[jboss-as7-dev] newbie question about secured remote ejb invoke
Joseph
wutongjoe at gmail.com
Thu Mar 1 04:58:26 EST 2012
Hi all,
I have tried many days but failed finding where my problem is. The
scenario is to invoke remote secured ejb on JBAS 7.1 final
=====================server side stuff below ===================
modification to "standalone-full-ha.xml"
<security-realm name="ApplicationRealm">
<authentication>
<properties path="application-users.properties"

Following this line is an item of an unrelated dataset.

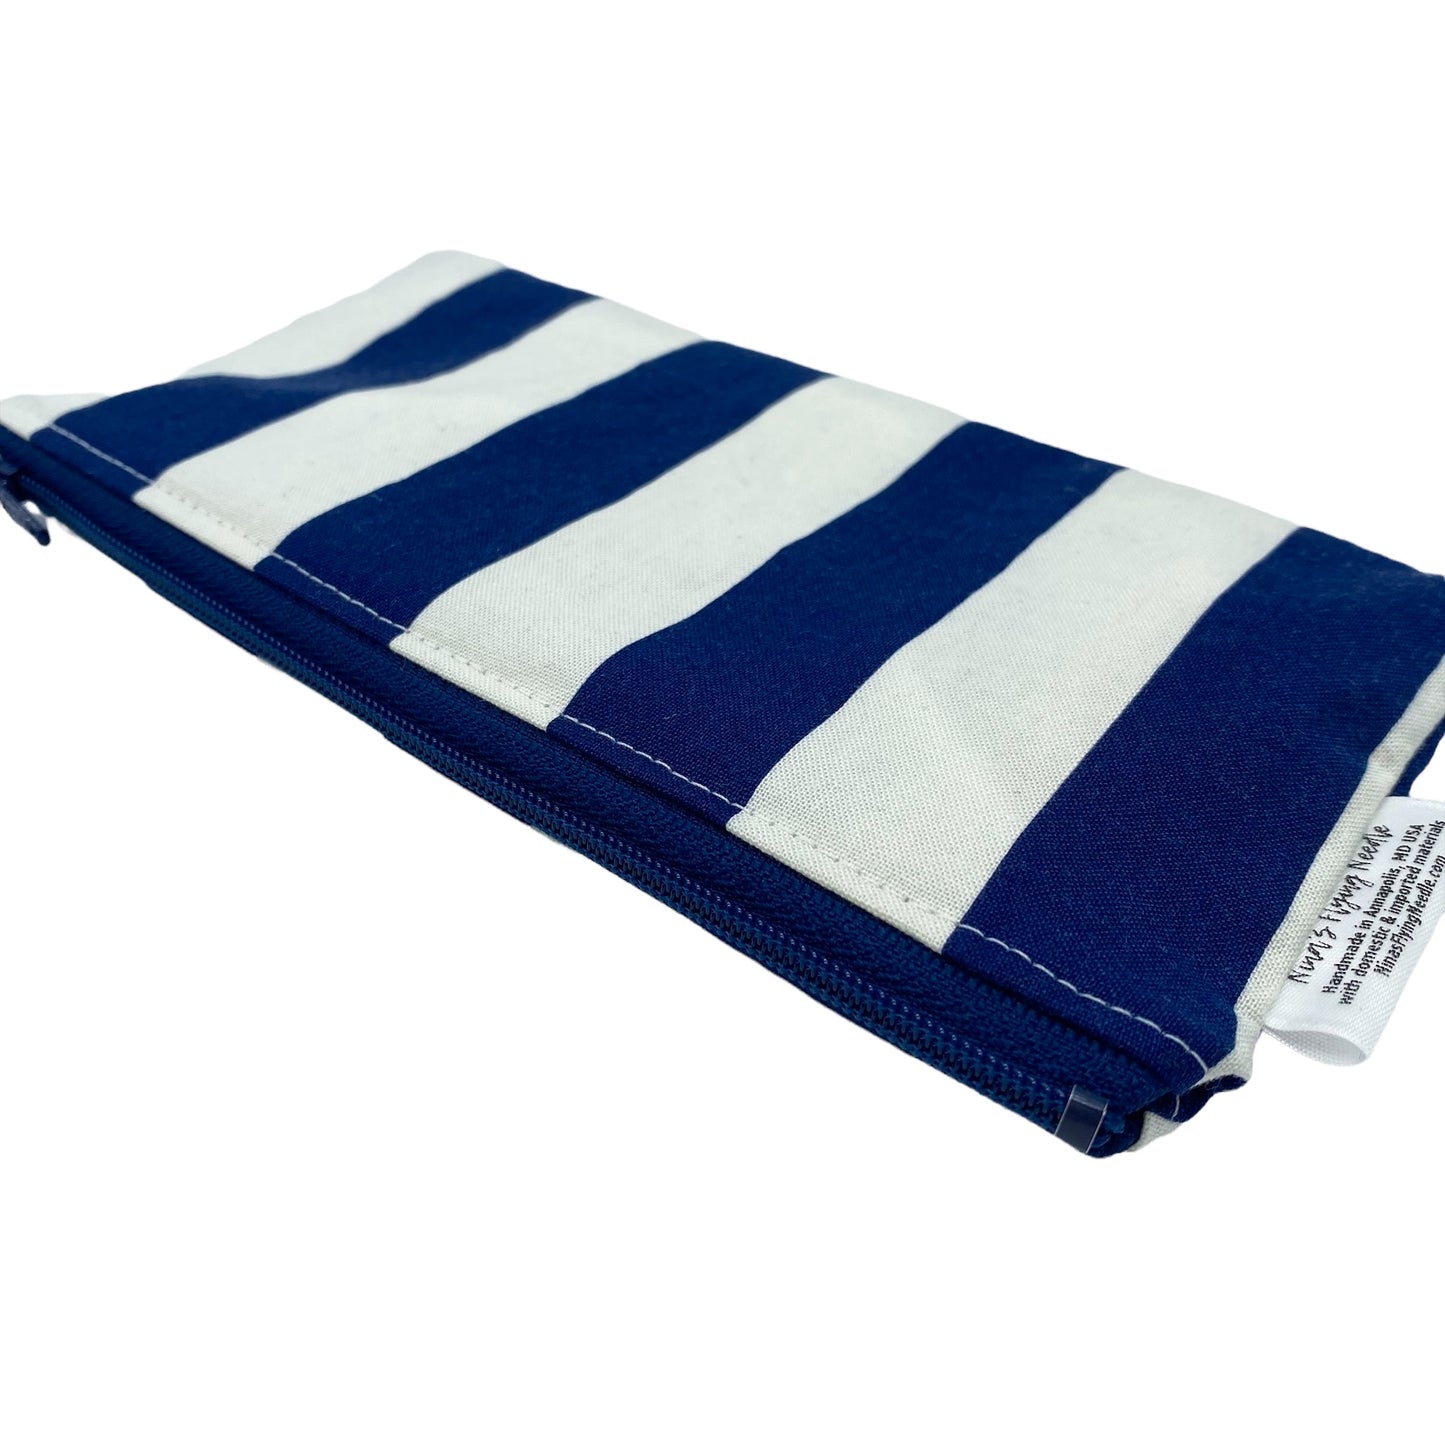 Knick Knack Sized Reusable Zippered Bag Block Stripes Thick

relative-to="jboss.server.config.dir"/>
</authentication>
</security-realm>
....
<subsystem xmlns="urn:jboss:domain:remoting:1.1">
<connector name="remoting-connector" socket-binding="remoting"
security-realm="ApplicationRealm">
<sasl>
<policy>
<no-anonymous value="true"/>
<no-plain-text value="false"/>
<pass-credentials value="true"/>
</policy>
</sasl>
</connector>
</subsystem>
....
<security-domain name="my-security-domain"
cache-type="default">
<authentication>
<login-module code="Remoting" flag="optional">
<module-option name="password-stacking"
value="useFirstPass"/>
</login-module>
<login-module code="RealmUsersRoles"
flag="required">
<module-option name="usersProperties"
value="${jboss.server.config.dir}/application-users.properties"/>
<module-option name="rolesProperties"
value="${jboss.server.config.dir}/application-roles.properties"/>
<module-option name="realm"
value="ApplicationRealm"/>
<module-option name="password-stacking"
value="useFirstPass"/>
</login-module>
</authentication>
</security-domain>
-------------------------------------------------------------------------------------------------------------
application-roles.properties:
test123=aabdd69afca03e09fc05b7539c62818d
-------------------------------------------------------------------------------------------------------------
application-users.properties:
test123=testrole
------------------------------------------------------------------------------------------------------------
@Stateless(name = "wutong_test_hello")
@Clustered
@Remote(HellowWorldRemote.class)
@Local(HellowWorldLocal.class)
@SecurityDomain(value = "my-security-domain")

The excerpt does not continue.